= Goal of the exercise =
Find the line in the entries below that contains "Jaycen Joshua iZotope". Repeat it exactly, and every line after it through the line that contains "Mechanic Eye Logo".

= Source data =
▼▼▼
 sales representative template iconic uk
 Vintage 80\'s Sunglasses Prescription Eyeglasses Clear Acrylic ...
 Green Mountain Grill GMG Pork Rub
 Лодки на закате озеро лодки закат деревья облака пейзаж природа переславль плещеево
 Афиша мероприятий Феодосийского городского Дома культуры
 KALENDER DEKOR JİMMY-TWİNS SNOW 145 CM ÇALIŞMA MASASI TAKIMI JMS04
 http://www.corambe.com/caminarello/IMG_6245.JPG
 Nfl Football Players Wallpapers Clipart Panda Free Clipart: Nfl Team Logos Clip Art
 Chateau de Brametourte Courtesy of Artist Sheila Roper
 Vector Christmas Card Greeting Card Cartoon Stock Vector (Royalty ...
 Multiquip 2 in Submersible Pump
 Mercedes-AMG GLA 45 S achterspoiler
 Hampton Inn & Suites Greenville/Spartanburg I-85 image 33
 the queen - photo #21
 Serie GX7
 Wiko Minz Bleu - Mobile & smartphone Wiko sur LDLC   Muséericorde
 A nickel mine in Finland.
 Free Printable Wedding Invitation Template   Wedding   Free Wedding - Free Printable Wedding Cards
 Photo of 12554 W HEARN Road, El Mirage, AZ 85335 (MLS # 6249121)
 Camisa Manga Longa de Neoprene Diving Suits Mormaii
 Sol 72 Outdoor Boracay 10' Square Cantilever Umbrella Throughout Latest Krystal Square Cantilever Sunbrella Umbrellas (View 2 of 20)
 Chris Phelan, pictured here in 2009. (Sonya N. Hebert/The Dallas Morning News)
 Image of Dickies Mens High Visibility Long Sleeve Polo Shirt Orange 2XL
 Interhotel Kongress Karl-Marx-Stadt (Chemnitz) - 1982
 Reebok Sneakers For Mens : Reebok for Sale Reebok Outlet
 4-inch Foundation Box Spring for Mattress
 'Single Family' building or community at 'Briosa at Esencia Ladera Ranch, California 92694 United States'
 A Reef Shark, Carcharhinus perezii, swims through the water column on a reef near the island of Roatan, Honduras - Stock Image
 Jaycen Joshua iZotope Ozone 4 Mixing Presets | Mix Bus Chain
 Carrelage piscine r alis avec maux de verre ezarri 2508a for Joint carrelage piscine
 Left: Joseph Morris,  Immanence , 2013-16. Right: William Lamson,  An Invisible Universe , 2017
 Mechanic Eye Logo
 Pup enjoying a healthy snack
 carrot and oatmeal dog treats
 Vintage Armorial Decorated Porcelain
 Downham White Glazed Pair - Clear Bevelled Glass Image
▲▲▲
= Exercise output =
 Jaycen Joshua iZotope Ozone 4 Mixing Presets | Mix Bus Chain
 Carrelage piscine r alis avec maux de verre ezarri 2508a for Joint carrelage piscine
 Left: Joseph Morris,  Immanence , 2013-16. Right: William Lamson,  An Invisible Universe , 2017
 Mechanic Eye Logo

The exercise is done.